Users have gone away from custodial solutions and away from cryptocurrency exchanges as a result of the FTX instability to trade their funds. Uniswap thus garnered a sizable amount of volume as the biggest, most liquid decentralized exchange on the market.

Additionally, Uniswap isn’t the sole winner in this case. As volumes increased, liquidity providers—individuals who had put money into various pools that allowed traders to trade tokens—also made money.

For instance, the Wrapped Ethereum (WETH) and USDC pool on Uniswap made $3.8 million in fees over the previous week. Depending on how much each LP deposited, that money is distributed among them proportionately. Additionally, anyone can engage in LPs, including a DAO, your granny, and professional market makers.

Although Ethereum gas prices increased slightly during this fiasco, it looks like a good investment to spend a little bit more to avoid using an exchange with a Bahamas registration.

Last but not least, sales of other non-custodial goods such as hardware wallets from Trezor and Ledger skyrocketed.

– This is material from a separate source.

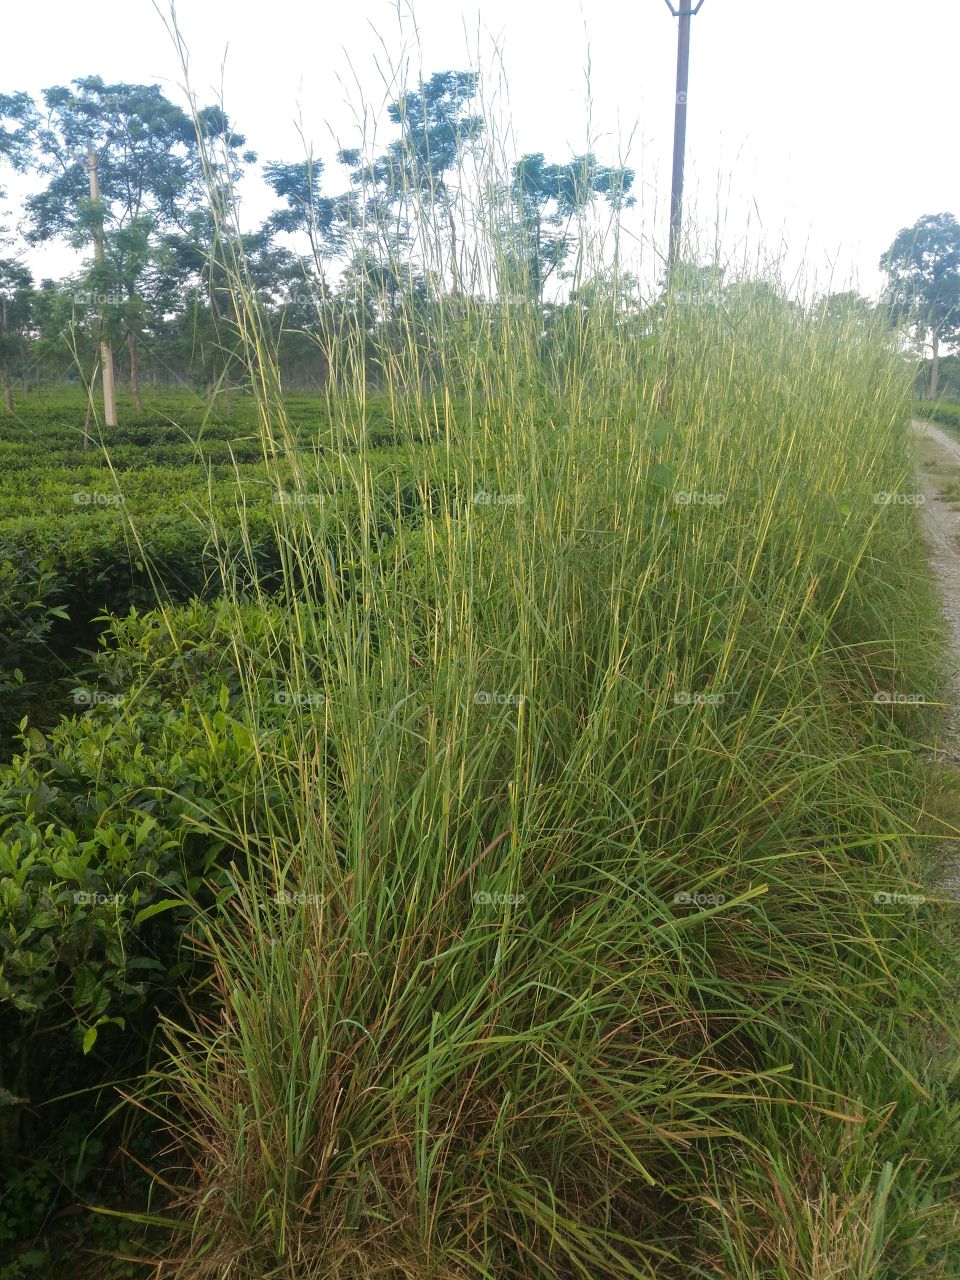 Centronila Grass

According to Pascal Gauthier, CEO of Ledger, “Ledger had its best sales week ever last week. Our biggest sales day ever was on Sunday. Up until Monday, when we once again surpassed our record.

As a result, the cryptocurrency sector is still recovering from what may be the greatest financial fraud in history.

On the other hand, open alternatives to the conventional centralized system are illuminating the significance of decentralized finance. These alternatives also function very well.

Whether regulators will see things this way is another question.